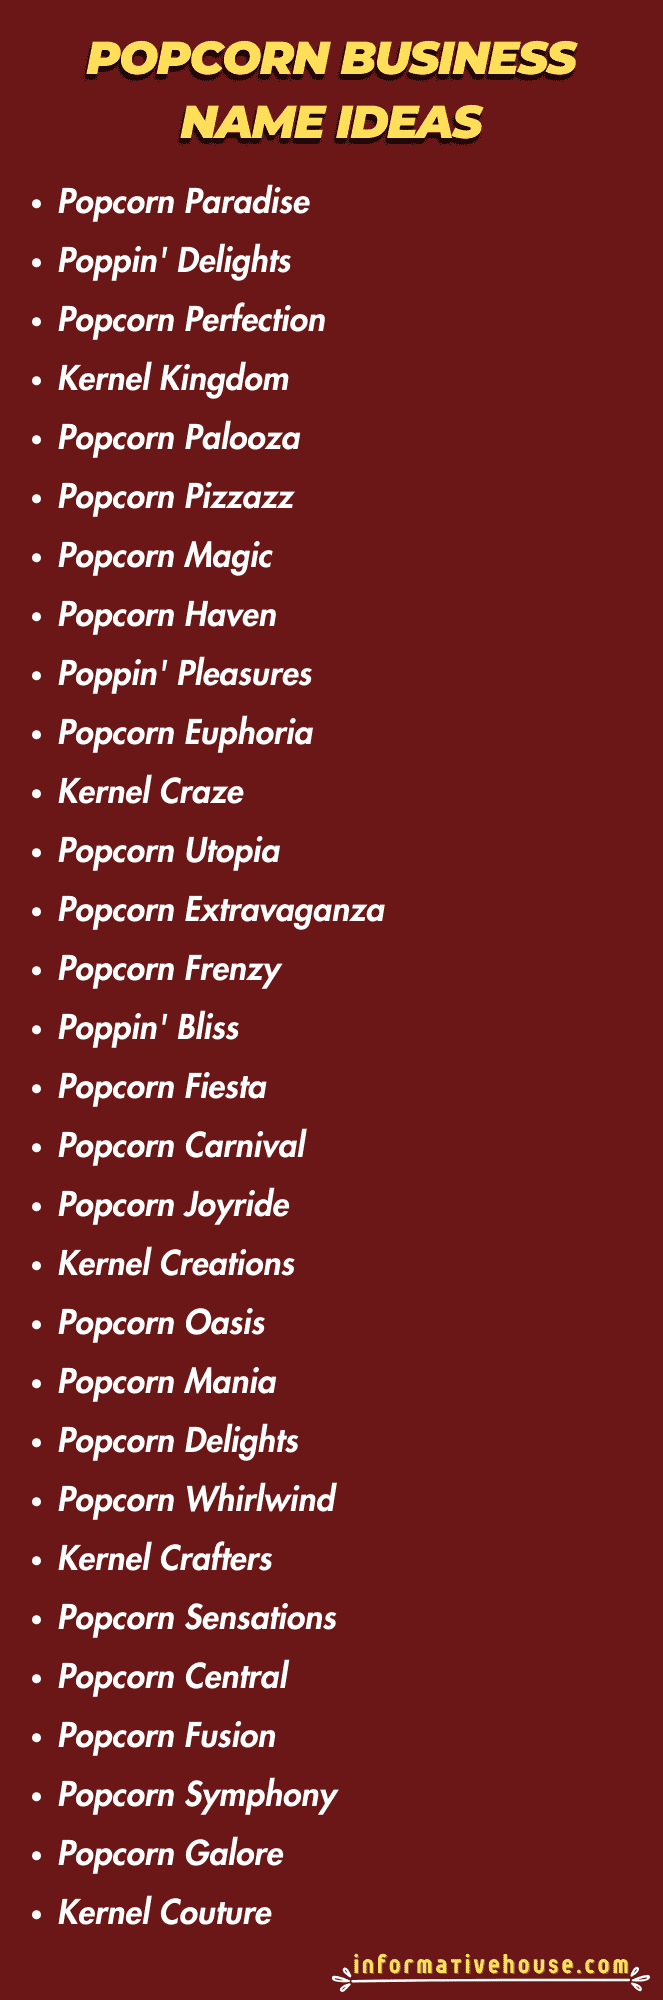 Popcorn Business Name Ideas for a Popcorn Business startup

= = = = = = =

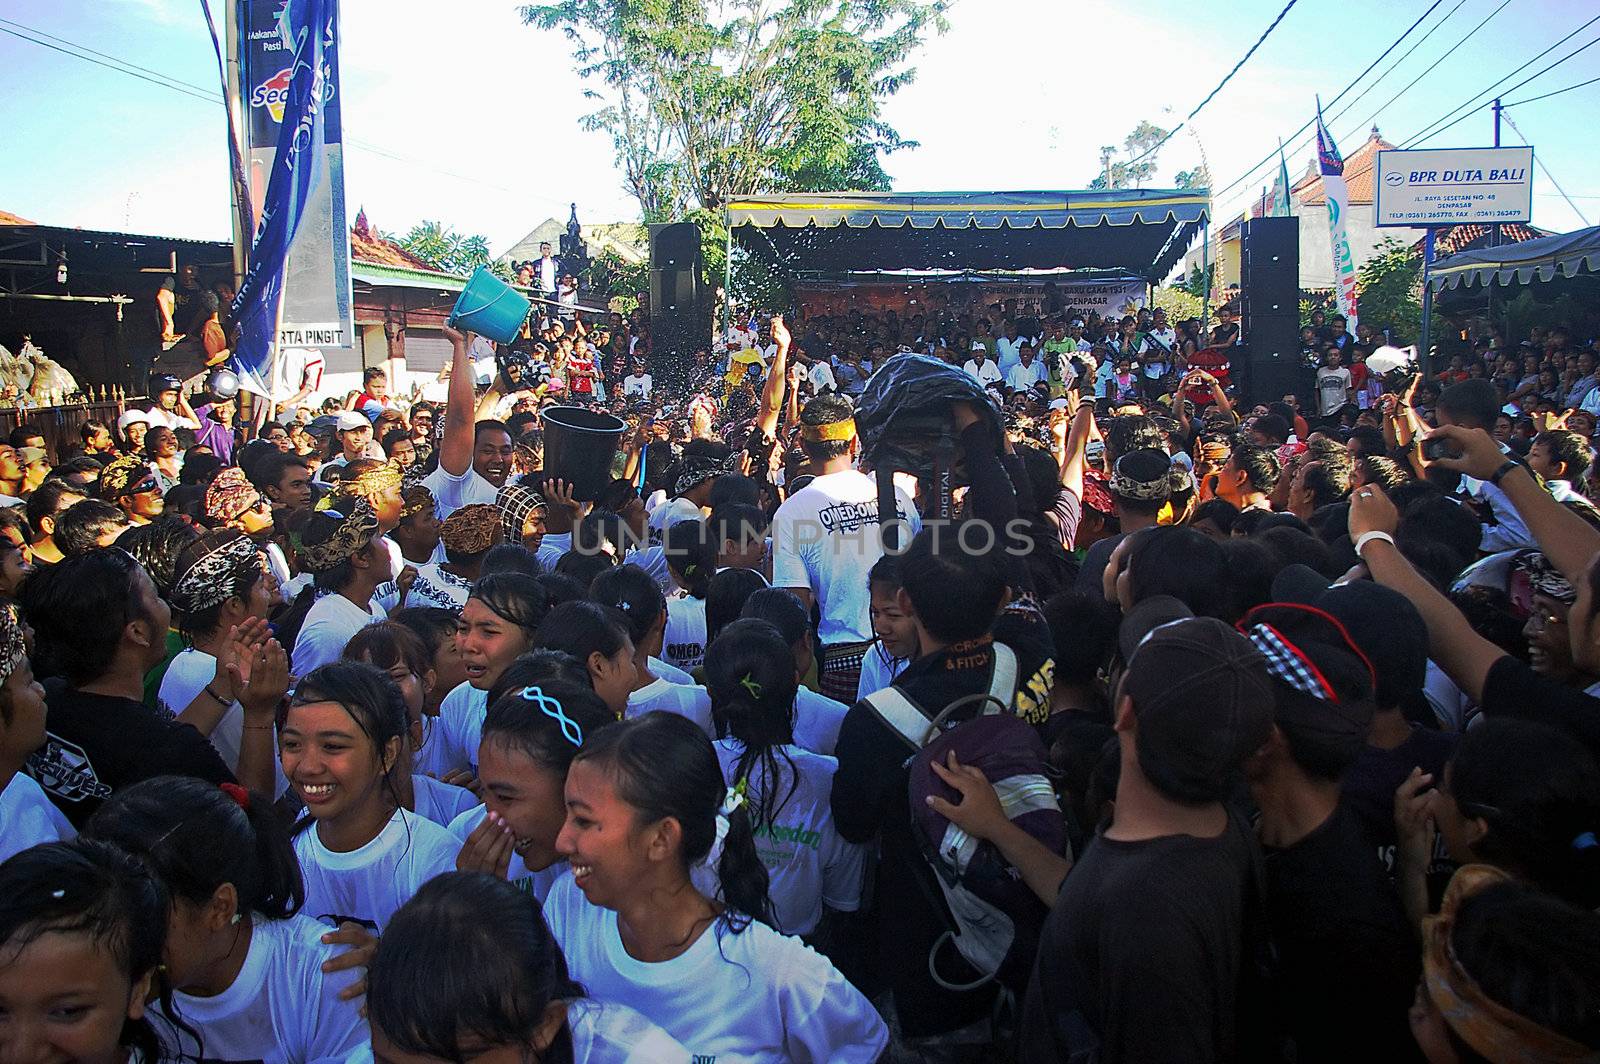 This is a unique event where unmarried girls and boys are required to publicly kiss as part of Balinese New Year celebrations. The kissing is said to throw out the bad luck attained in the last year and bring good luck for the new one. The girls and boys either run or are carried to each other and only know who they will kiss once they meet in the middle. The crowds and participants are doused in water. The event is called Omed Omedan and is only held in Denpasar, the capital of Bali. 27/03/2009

= = = = = = =

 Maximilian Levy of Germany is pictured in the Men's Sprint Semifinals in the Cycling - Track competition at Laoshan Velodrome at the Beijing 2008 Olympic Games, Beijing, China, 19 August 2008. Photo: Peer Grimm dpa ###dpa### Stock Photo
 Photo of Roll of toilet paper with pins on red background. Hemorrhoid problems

= = = = = = =

Exercise directions: Using the listing above, return word for word each line from the one that has "Maximilian Levy of" through the one that has "Photo of Roll", and no line outside that range.

Expected answer:
 Maximilian Levy of Germany is pictured in the Men's Sprint Semifinals in the Cycling - Track competition at Laoshan Velodrome at the Beijing 2008 Olympic Games, Beijing, China, 19 August 2008. Photo: Peer Grimm dpa ###dpa### Stock Photo
 Photo of Roll of toilet paper with pins on red background. Hemorrhoid problems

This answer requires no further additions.